From the line containing "Gershwin: Rhapsody in" to the final line of the entries, copy each line exactly. Pictures stay out.

** DATASET follows **

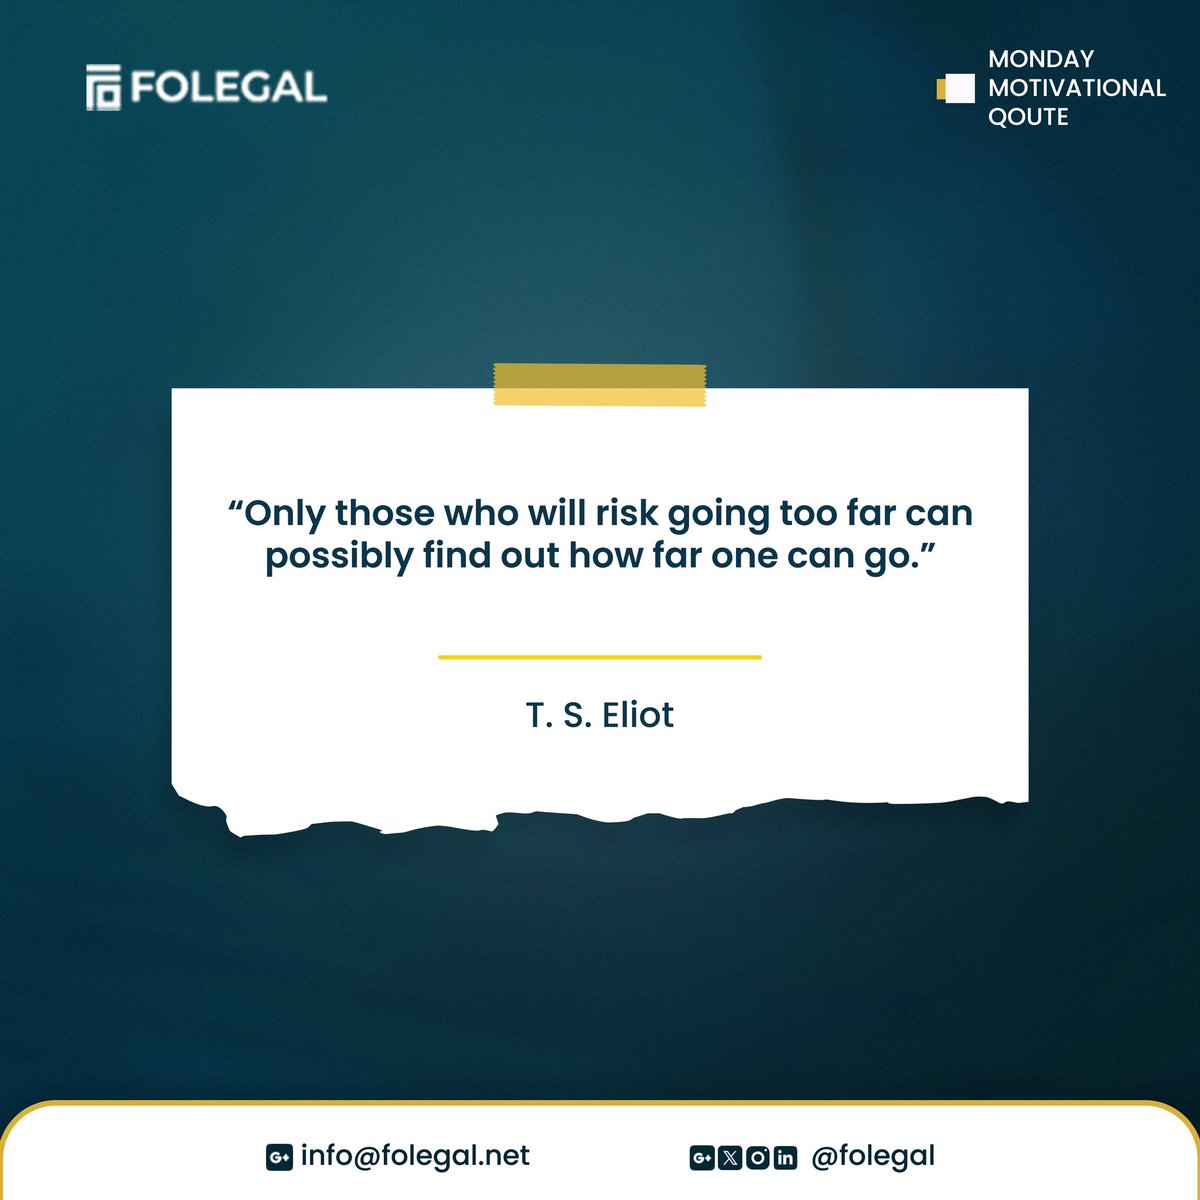 Only those who will risk going too far can possibly find out how far one can go. – T. S. Eliot

#FOLEGAL #lagos #lagoslawyer #mondaymotivation #law #nigerianlawyers #legalpractice #legalprofession
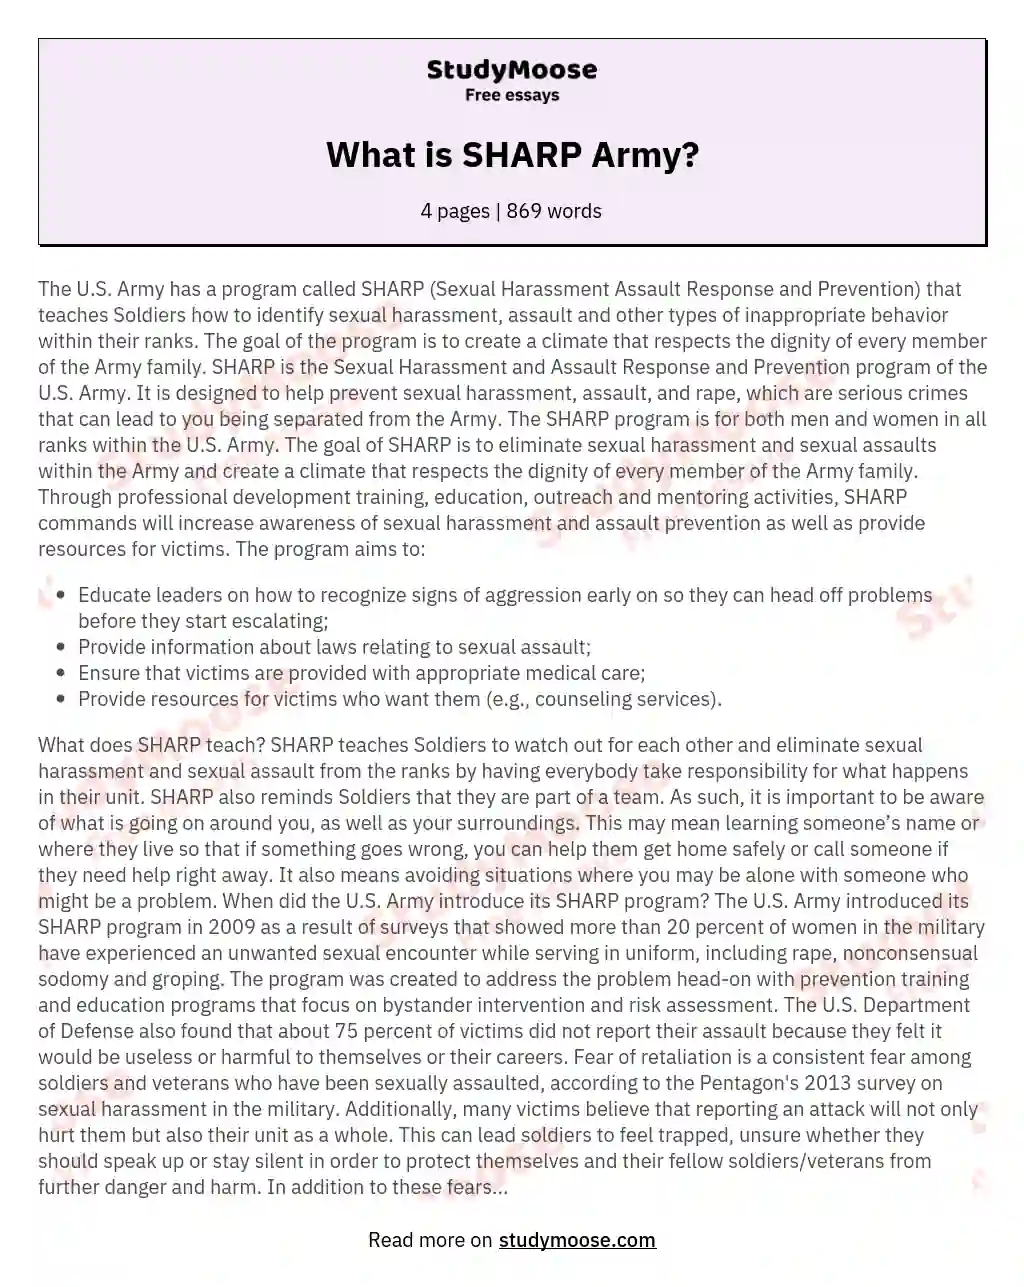 What is SHARP Army? essay
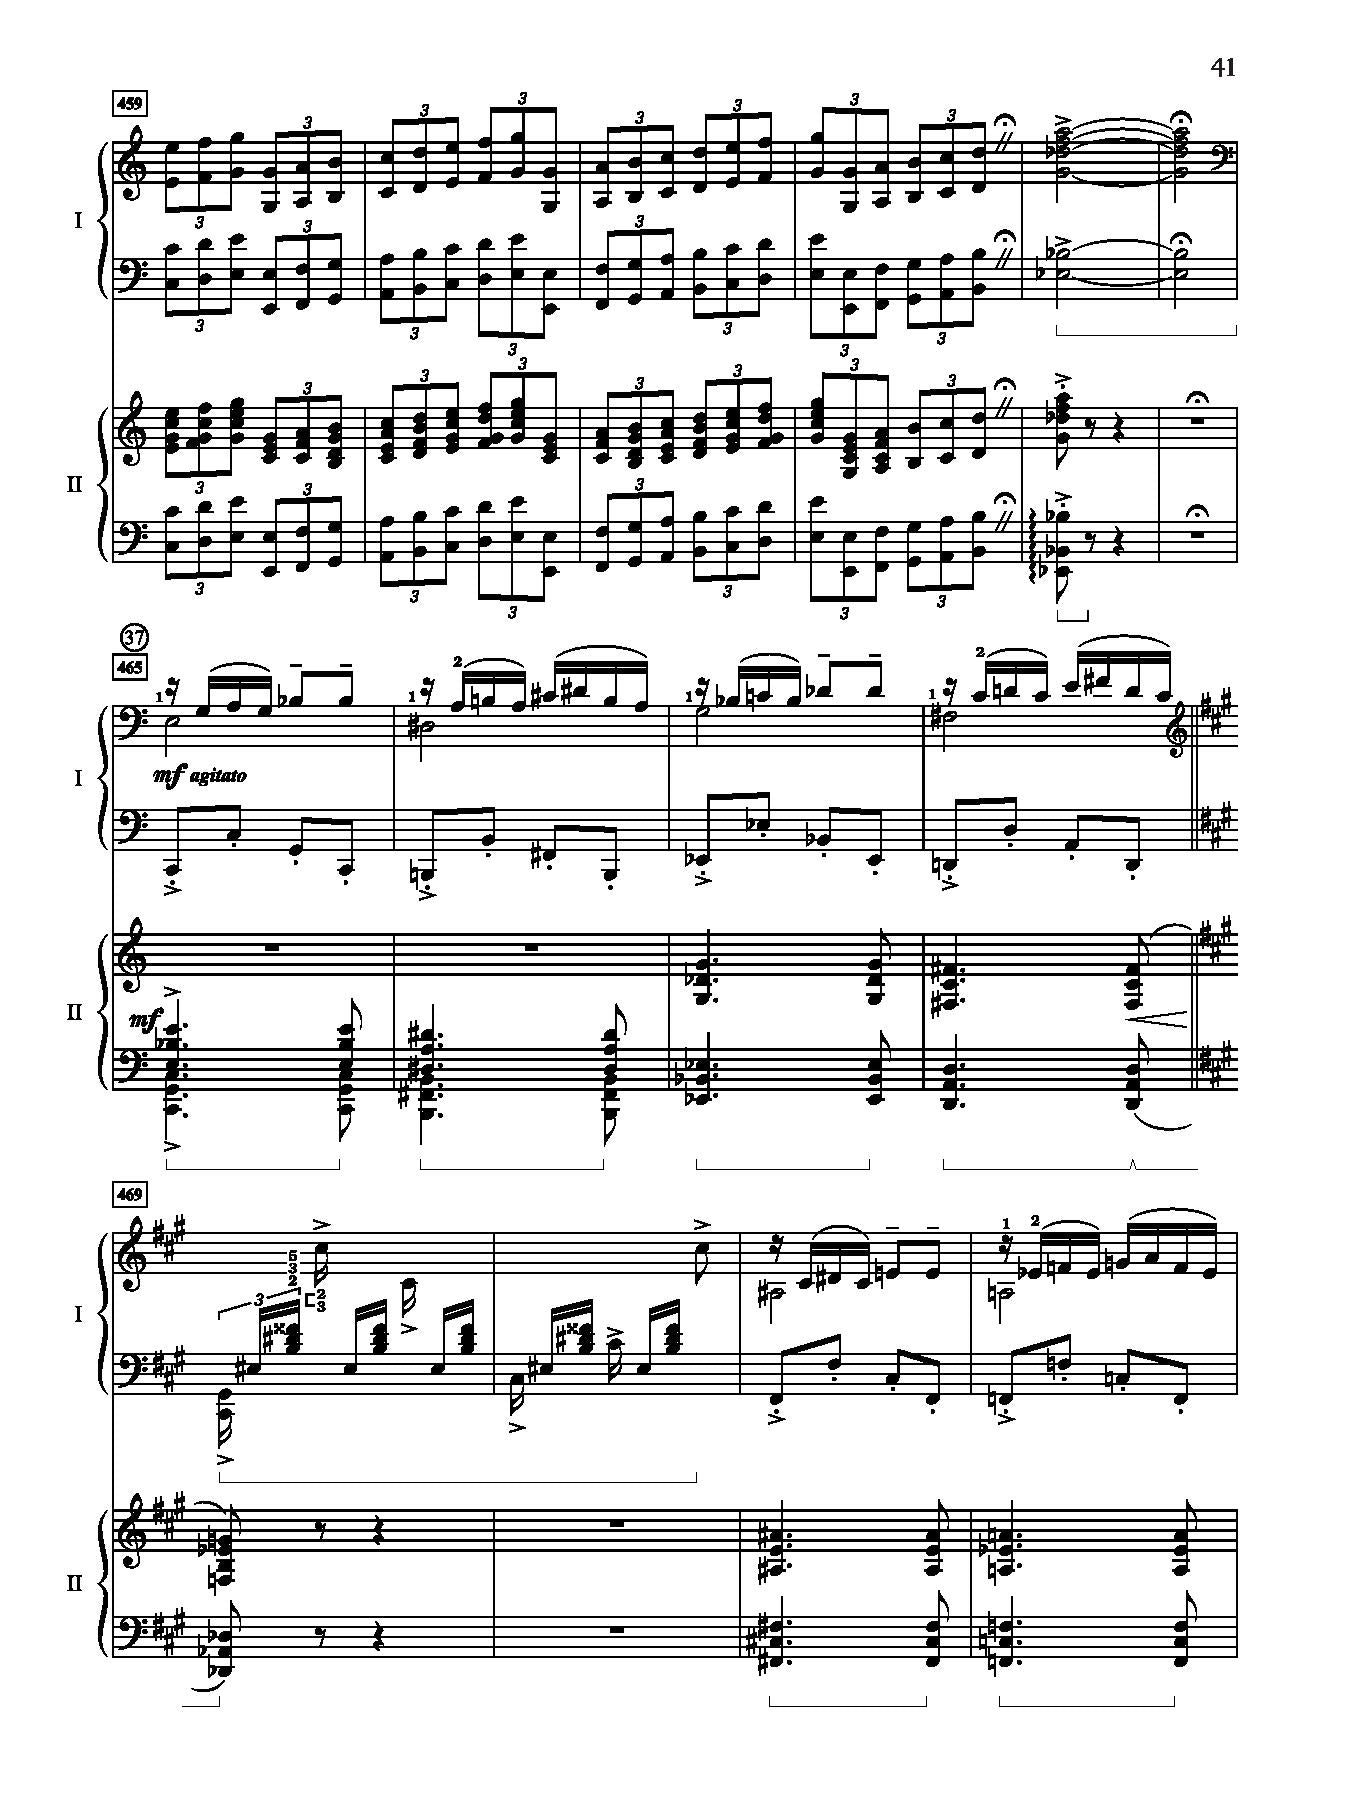 Gershwin: Rhapsody in Blue For Piano Solo and Orchestra (Arranged for Second Piano)
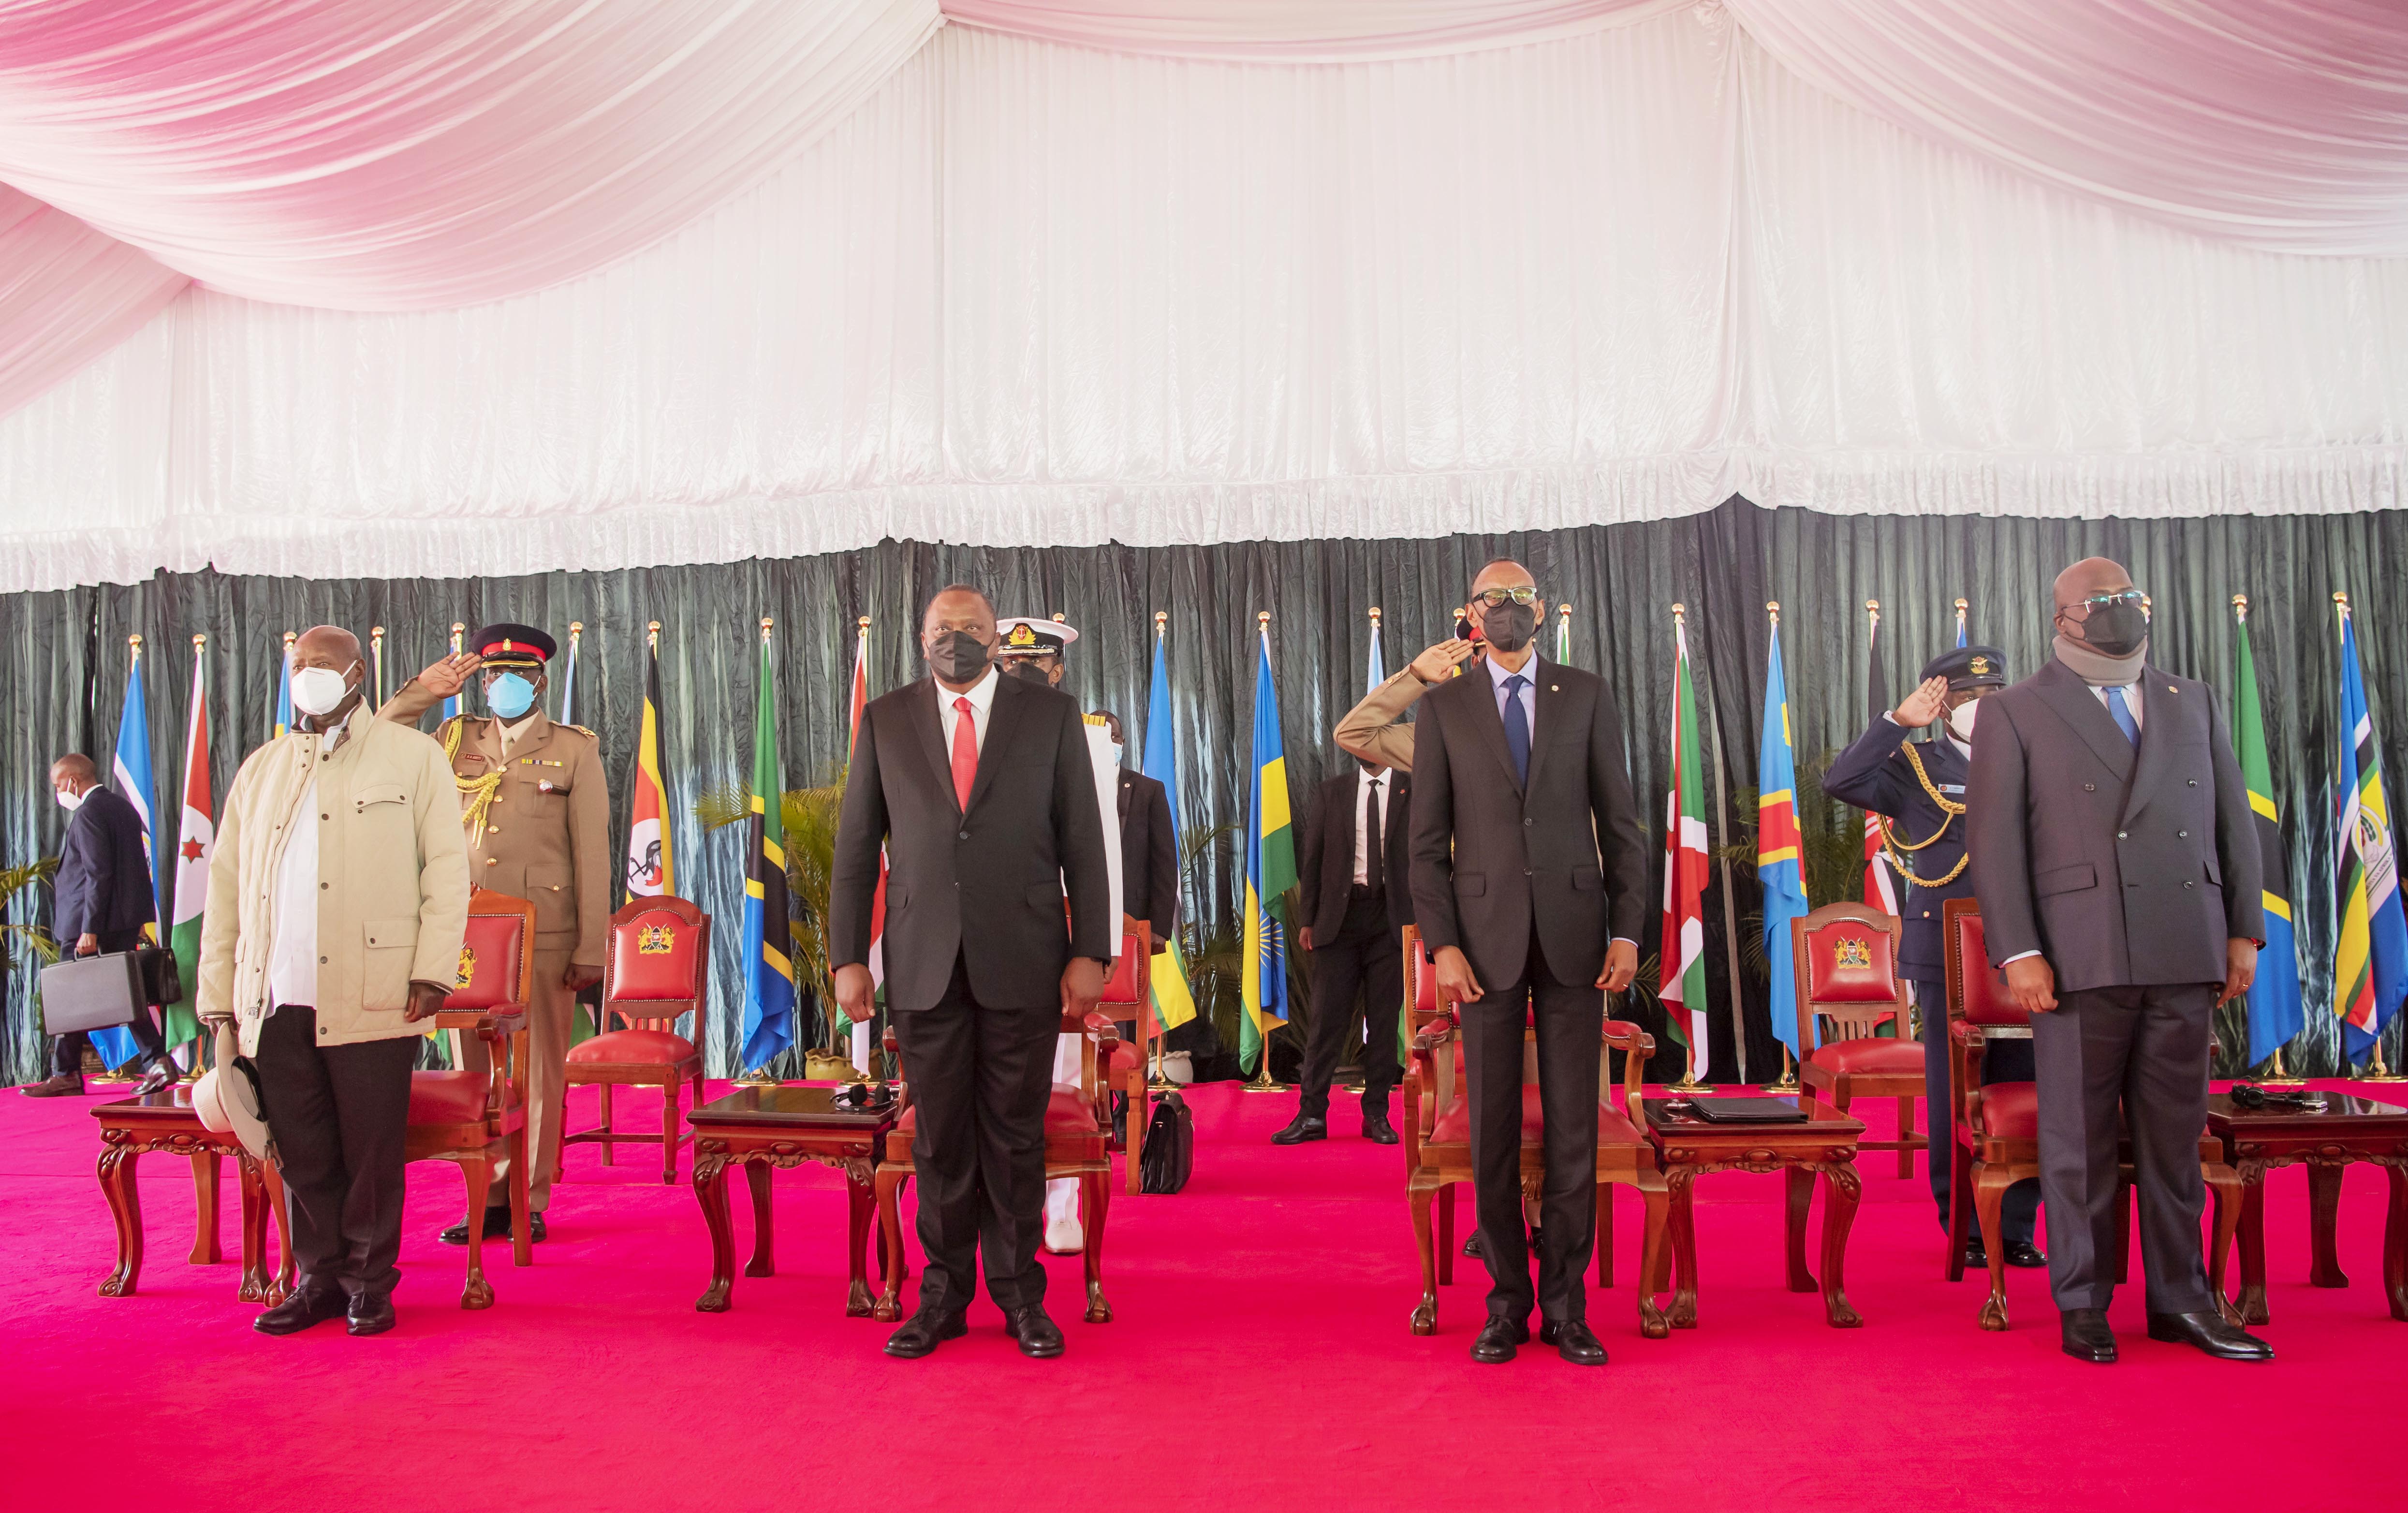 (L-R) Presidents Yoweri Museveni (Uganda), Uhuru Kenyatta (Kenya), Paul Kagame and  Fu00e9lix Tshisekedi (DR Congo)  during the Signing Ceremony of the Treaty of Accession by DR Congo to the East African Community in Nairobi on April 8, 2022. / Photo  by Village Urugwiro

** End of DATASET **

RESPONSE AREA:
 Gershwin: Rhapsody in Blue For Piano Solo and Orchestra (Arranged for Second Piano)
 (L-R) Presidents Yoweri Museveni (Uganda), Uhuru Kenyatta (Kenya), Paul Kagame and  Fu00e9lix Tshisekedi (DR Congo)  during the Signing Ceremony of the Treaty of Accession by DR Congo to the East African Community in Nairobi on April 8, 2022. / Photo  by Village Urugwiro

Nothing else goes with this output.